At this juncture, many ask how much of the exemplary growth of six per cent in GDP recorded last year was due to the export of goods and not predominantly due to a hike in domestic consumption. The answer is that it was the latter that contributed the lion’s share of GDP growth. This prosperity is headed by the Finance Ministry, which made a serendipitous switch to a Keynesian policy that resulted in considerable funds being allocated to large infrastructural road projects and higher welfare subsidies, in addition to a new electricity plant running on LNG.
The feel-good factor encouraged unprecedented capital investment by the private sector in luxury construction projects. On the education front, we note how MCAST and the University are eager to work closely with industry and this is yielding results.
MCAST has reached a high standard in teaching technical subjects and proudly reported hundreds of graduates enriched with quality diplomas and degrees. It has revived apprenticeship schemes in various technical areas and is also making steady progress in respect of vocational courses as a catch-all for early school leavers.
Still, however, we clamour for a higher number of trained workers with skills involving science, engineering and maths (STEM), as the facts show that we have not yet achieved our targets. It is true that we invest millions in education – from kindergarten to tertiary levels – and yet we still have some way to go to solve the skill mismatch in particular sectors – such as Igaming, Fintech and Life Sciences. Indeed, one acknowledges the advantages of a paradigm shift in Malta Enterprise’s policy to provide custom-built factories. The recent building of more custom-made factories such as the extension of PlayMobil, Lufthansa Engineering and Crane Currency speaks volumes on this positive aspect.
It goes without saying that modern, large-scale manufacturing survives competition due to the use of robots and automation. Malta Enterprise helps directly in reviving manufacturing prowess, as the sector is seen to be more resilient to the fledging financial services sector (lately under water due to adverse MoneyVal comments in its recent report).
This begs the question as to whether the government-induced PPI policy is working. Should the government continue to attract interest from international public institutions/utilities by entering into Public Private Partnerships (PPI)? Last year, we read about the collapse in the UK of Carillion (the second largest contractor and health services provider) which entered into a private public initiative scheme – regrettably propelling it into a legacy of a debt.
This PPI routine was popular in Britain in order to attract fat-cat investors to run big spending departments such as roads construction, healthcare and schools.
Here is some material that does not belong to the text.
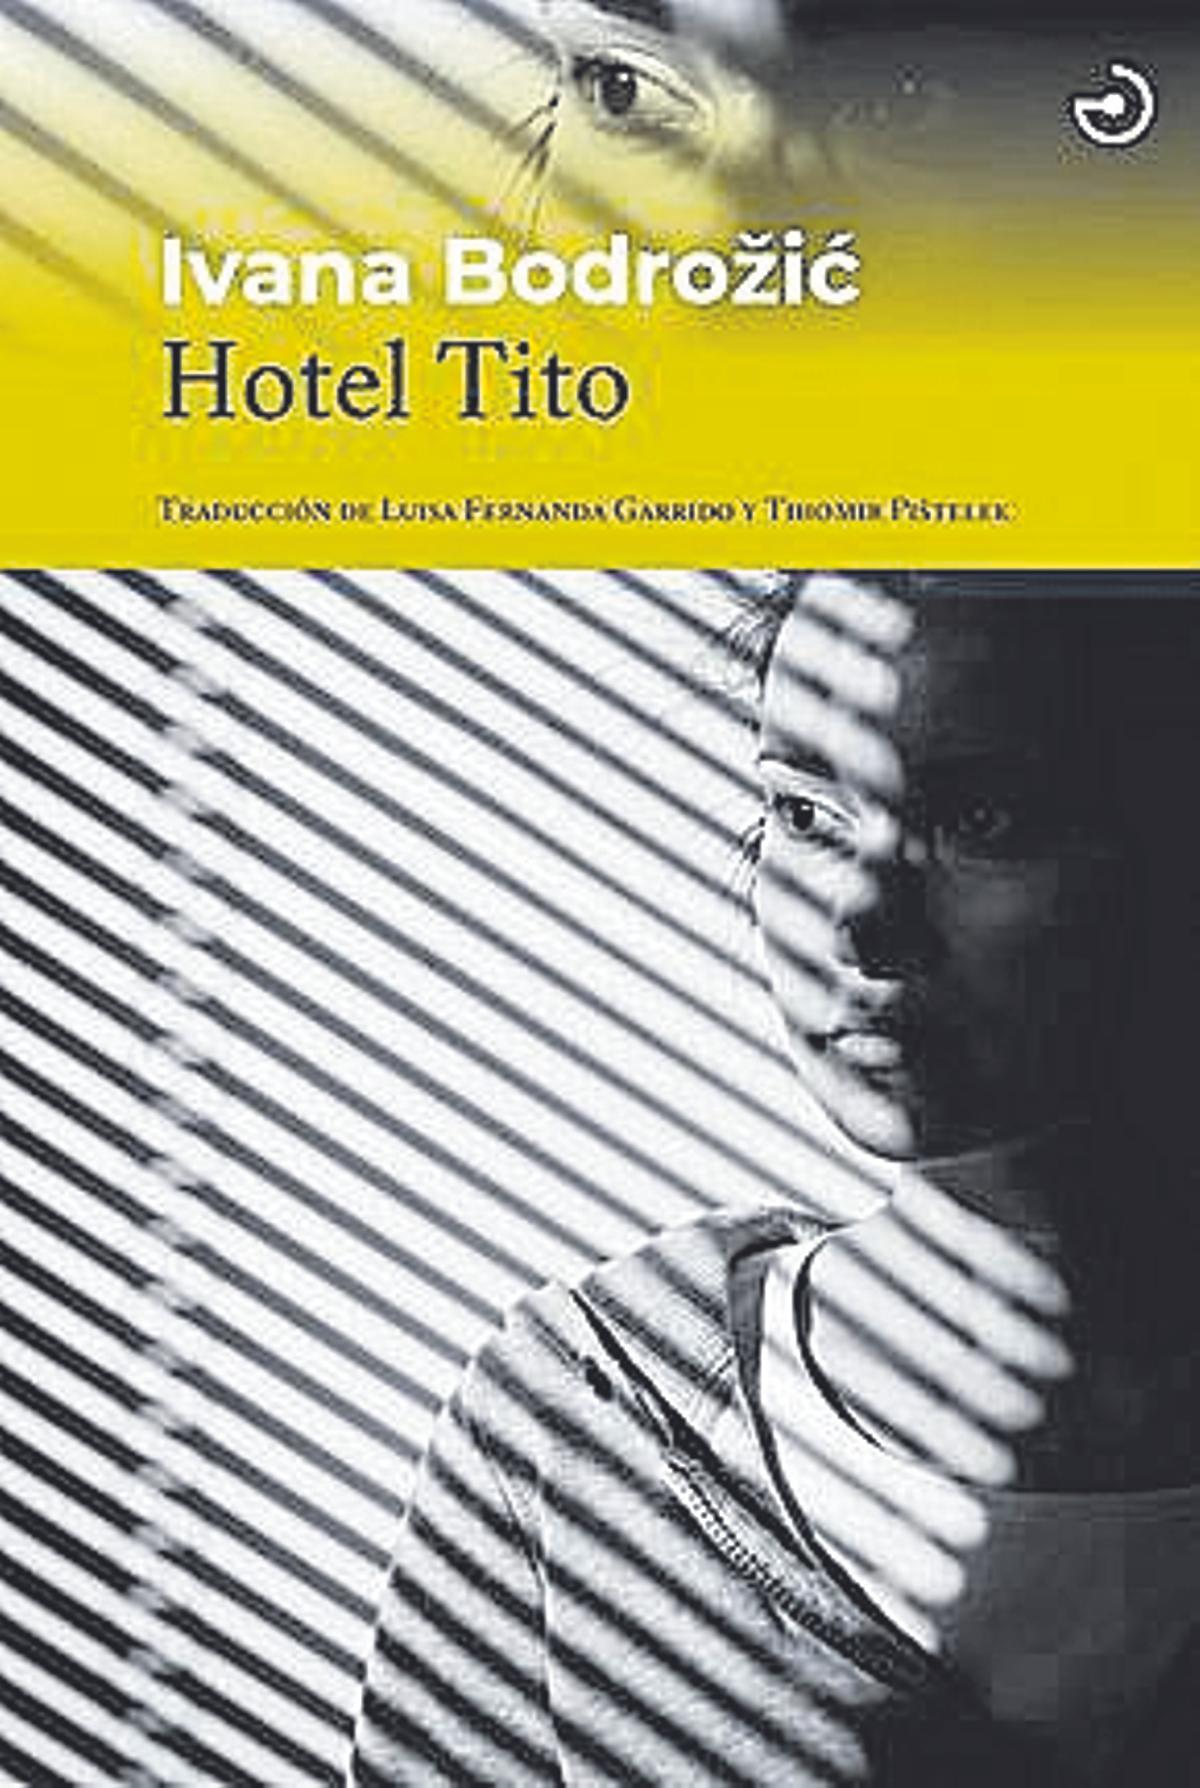 Ivana Bodrožic  Hotel Tito   Traducción de Luisa Fernanda Garrido y Tihomir Pištelek  Menoscuarto  208 páginas / 17,90 euros
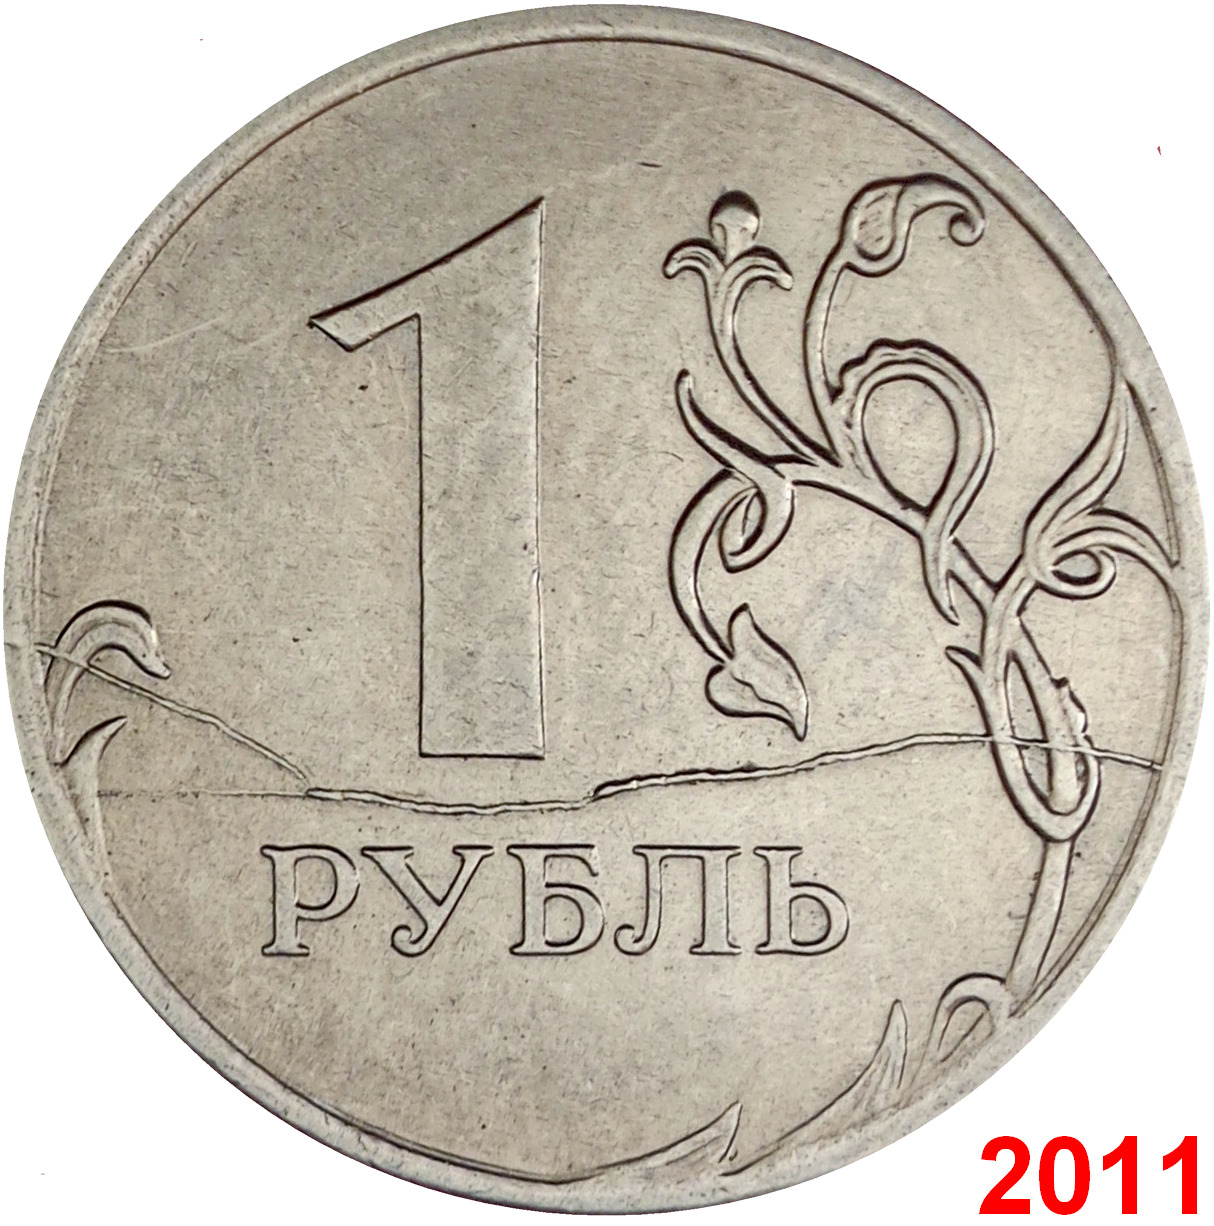 1 руб 2015 года

The policy was in vogue at a time when overcrowded public hospitals in the UK necessitated huge expenditure at a time when austerity measures were de rigueur.
The smart antidote on the part of the Conservatives was not to burden the country with debt in order to manage new hospitals but to sub-contract such onerous projects to the private sector. As can be expected, due to creeping inflation in the cost of medicines, health services in the UK – which were procured at cutthroat prices – saw the private sector sweat under rising costs. Such losses could not be relieved due to fixed rate contracts. This sent Carillion running penniless into the arms of the liquidator.
Back home, the state has suffered heavy losses as a result of signing the ill-fated Vitals Health Scheme (mysteriously waived to Steward Care US) which was a PPI intended to run and renovate three major public hospitals.
On a positive note, we will prosper – provided that we bite the bullet and pay more attention to the way in which PPI are fine-tuned and adequately monitored towards achieving KPI aided by programmed research and development.